#### [WHAT THE EXERCISE ASKS]
In the records that follow, find the line with "LEGO® Star Wars?"; from there, retype every line exactly through the line with "Yeşilay Logo [yesilay.org.tr] png", which also belongs to the answer.

#### [INFORMATION]
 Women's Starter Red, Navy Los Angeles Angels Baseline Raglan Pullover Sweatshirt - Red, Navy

...

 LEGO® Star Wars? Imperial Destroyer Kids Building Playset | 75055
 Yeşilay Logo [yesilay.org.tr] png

---

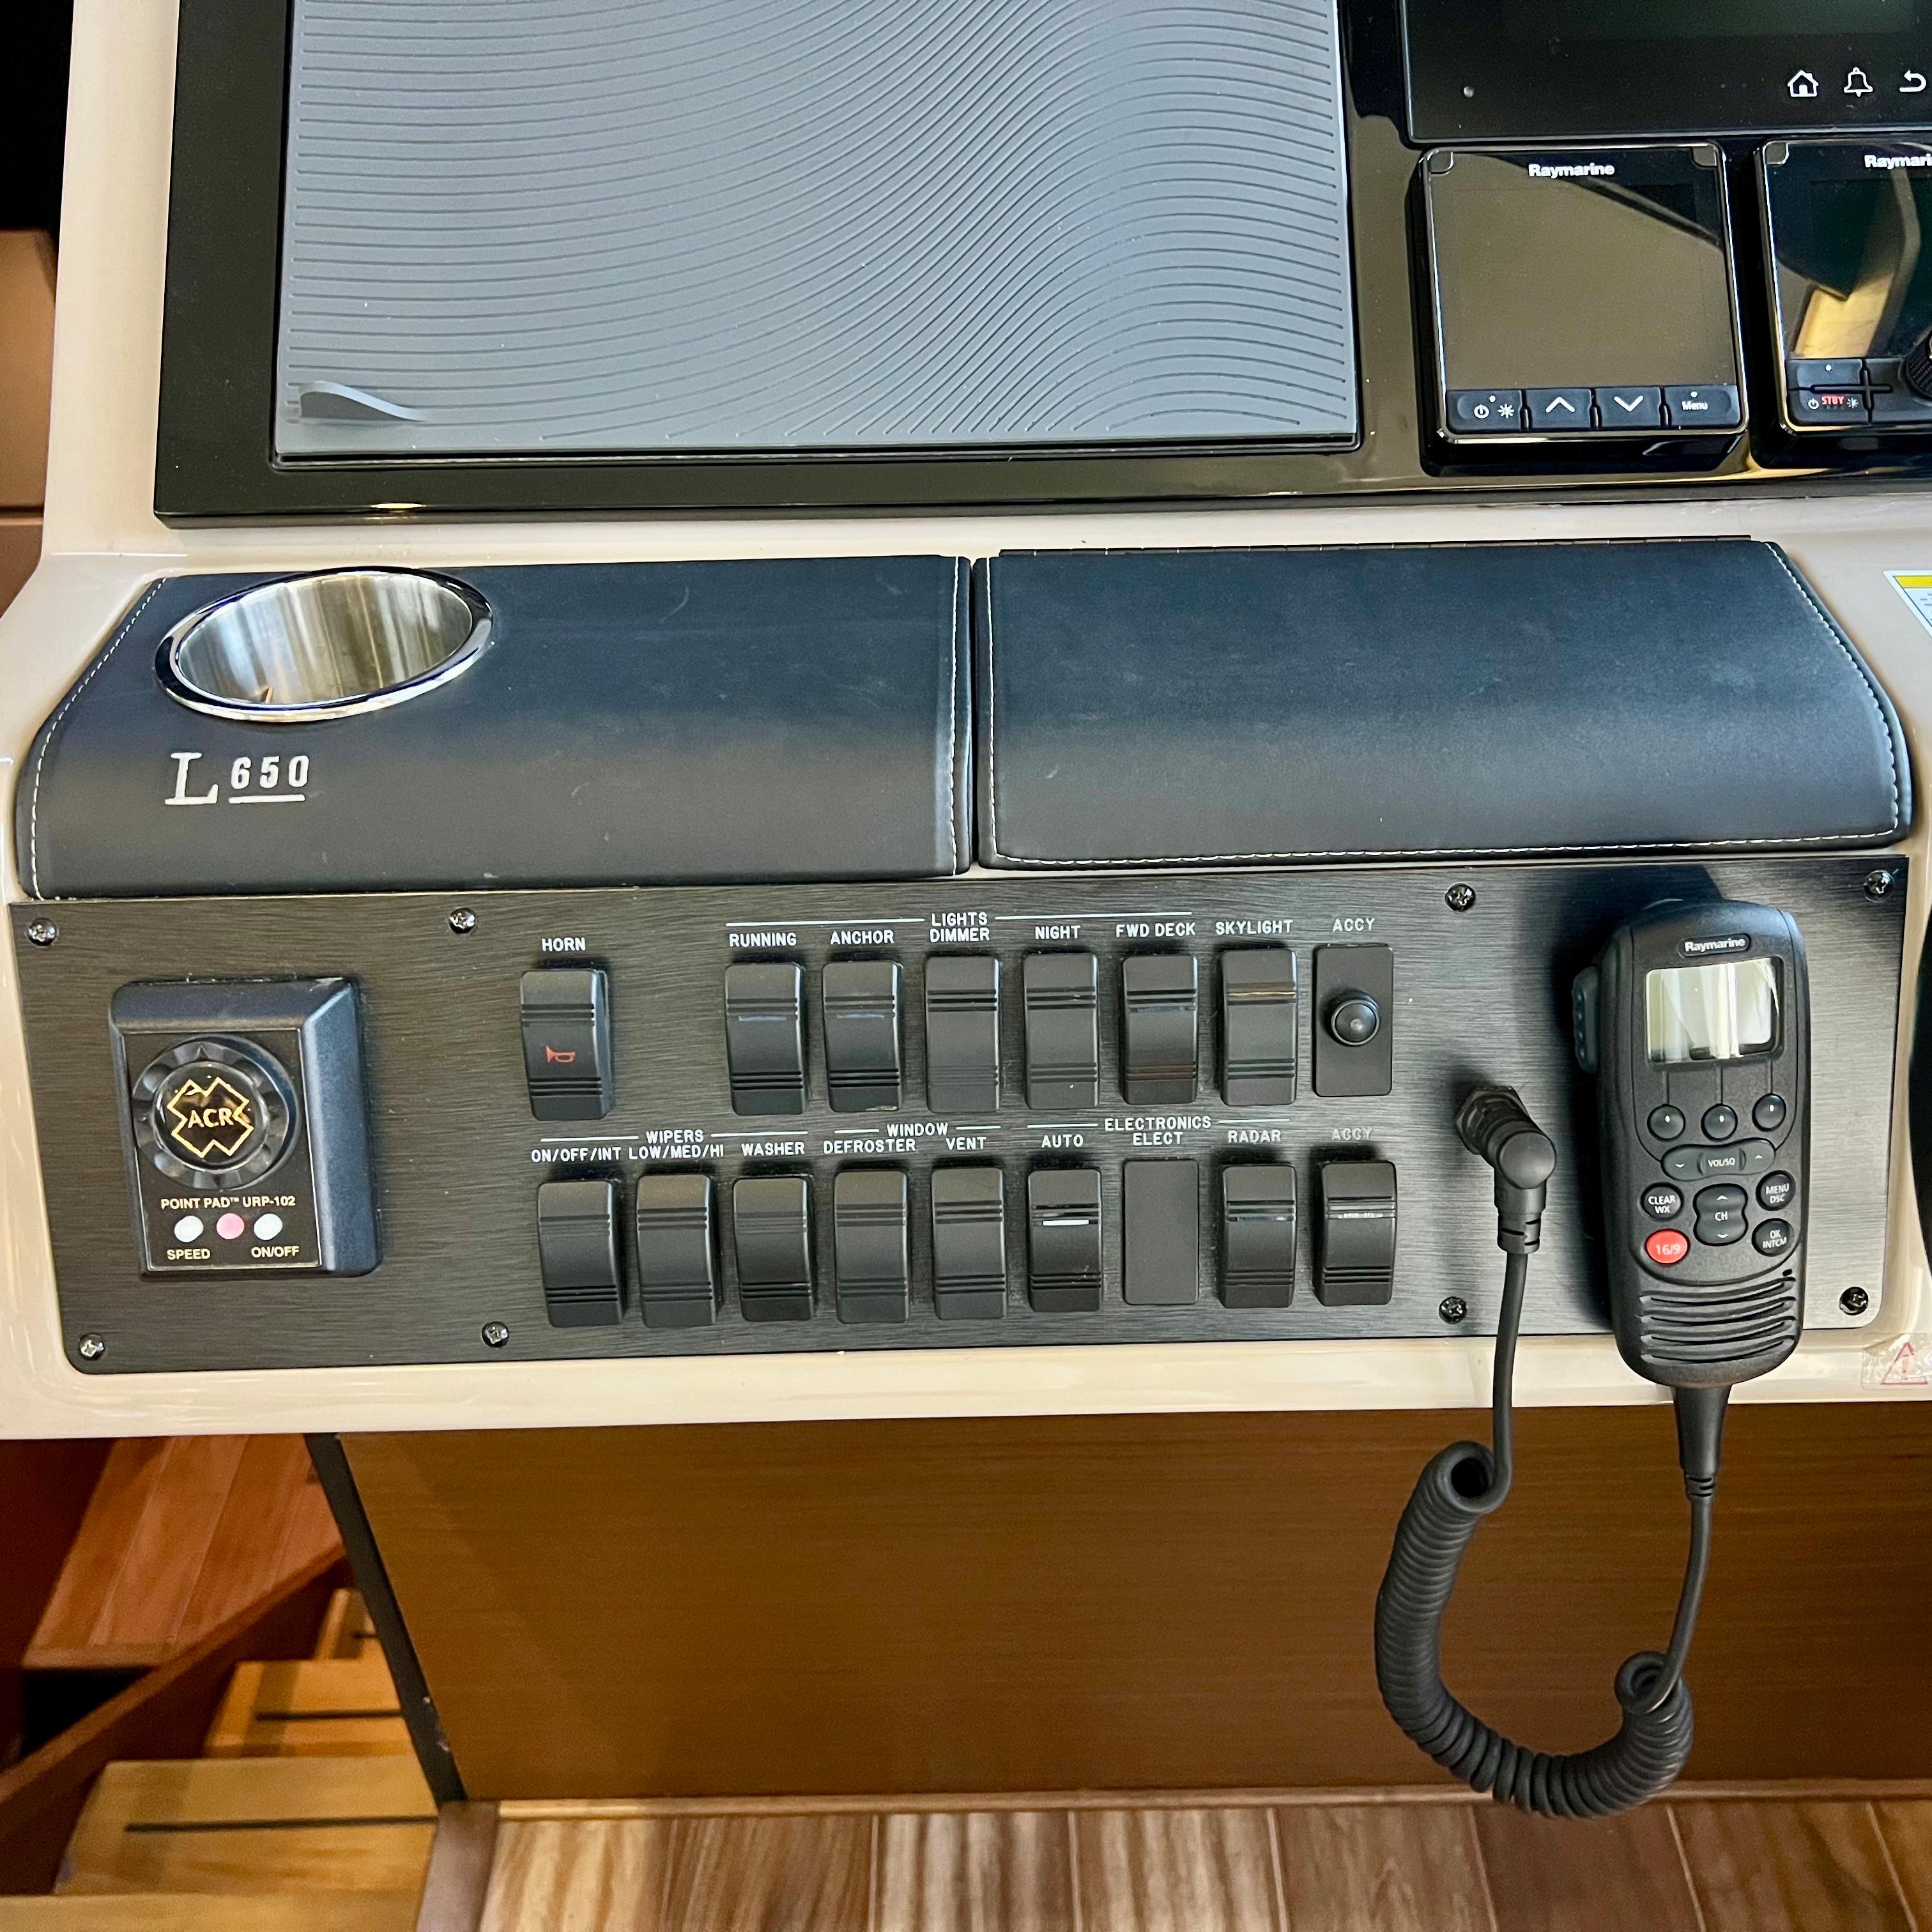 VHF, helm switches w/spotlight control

#### [EXERCISE ANSWER]
 LEGO® Star Wars? Imperial Destroyer Kids Building Playset | 75055
 Yeşilay Logo [yesilay.org.tr] png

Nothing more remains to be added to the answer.